The country's reconstruction therefore began in what was mostly a society of women. They were called Trümmerfrauen (literally, "ruins women"). "Generally speaking, World War II showed that there wasn't much difference between how men and women experienced war," Virgili says. "Under the bombs, all are pretty much equal."

Women in war

This "reorganization" didn't happen without reactions. Virgili believes that the wave of public shavings of women across Europe at the time was a symbol of restoring a weakened masculinity. After a prelude in the Francoist camp during the Spanish Civil War, men of all European countries shaved women's heads during World War II, in acts that the historian reads as much as a retribution as self-reparation.

"There is a punitive side to it because in France most women targeted were accused, wrongly or rightfully, of having collaborated with the enemy," the historian explains. "But I believe that there's also the idea of putting right the male humiliation of defeat. These were not the men who had fought and lost in 1940, and most of the prisoners had not yet been returned. These were younger men who sought to reaffirm their power over women, which their fathers and big brothers had lost."

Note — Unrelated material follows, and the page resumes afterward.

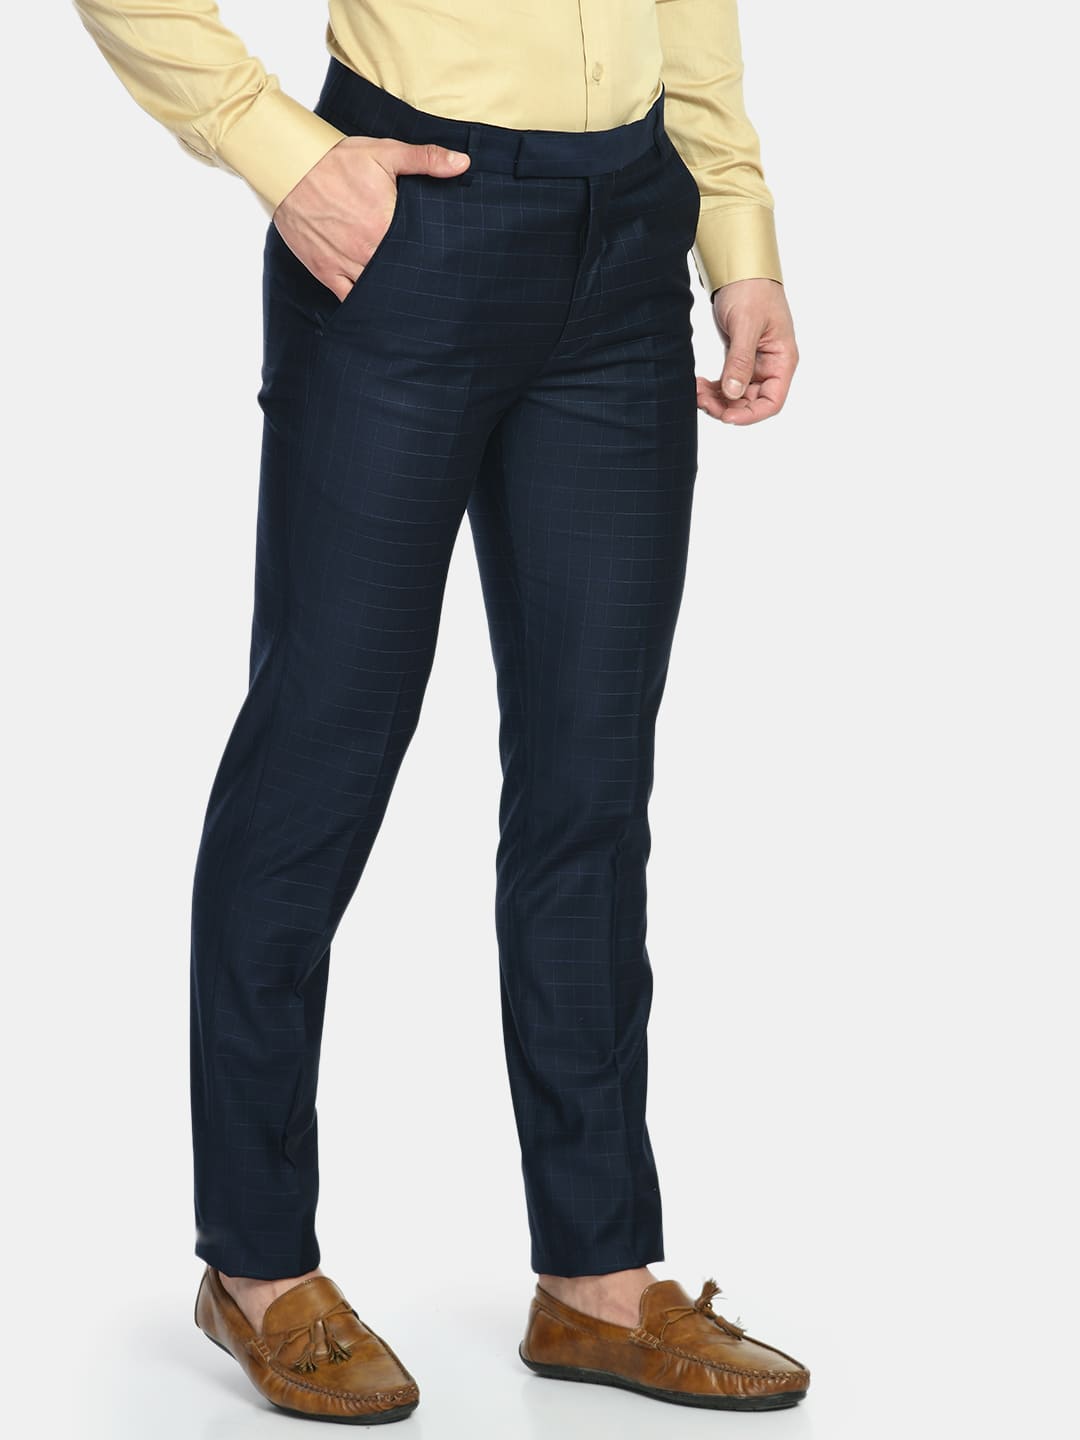 Buy Men Grey Solid Slim Fit Formal Trousers Online - 707664 | Peter England

Still, this didn't prevent French women from obtaining the right to vote after the liberation.
War creates precedents and exceptional situations that don't always last, but they designate possibilities that can develop over the long term.

Does this mean that we should praise armed conflicts as catalysts for equality? "Don't make me say that!" he says. "No, what happens is that instead of the false image that wars reinforce manliness, they fall within a long process that sees equality rise."

War today has posed its own issues. In March 2013, war veterans and U.S. senators criticized a plan to rank medals for drone pilots and cyberwar soldiers above those for combat fighters.

In a 1997 article for the book Of Violence And Women, French historian Danièle Voldman wrote that airstrikes were a sort of termination of the fighter during the two world wars, as they allowed soldiers to kill remotely, away from the frontline. "One-on-one fighting disappeared with World War I, in which 80% of the dead were killed by artillery fire," Virgili says. "Drones nowadays are symbols of a similar trend."

And once again, it's only the latest development in a long process.

Women have progressively entered the army thanks to technical development. In fact, there were women drivers in World War I who offered a skill that was rare back then. And shortly before World War II, the French army created a corps for air pilot nurses. In 1914, the military hierarchy thought the army was no place for women and fought tooth and nail against the idea. But it's now widely accepted that the army is mixed. So much so that the last stronghold of male domination, submarines, will be open to French female soldiers starting in 2017.

"It's the end of a cycle," Virgili says. "Of course, hypermasculine icons will continue to exist in war propaganda, movies and video games. But video games and reality are two different things."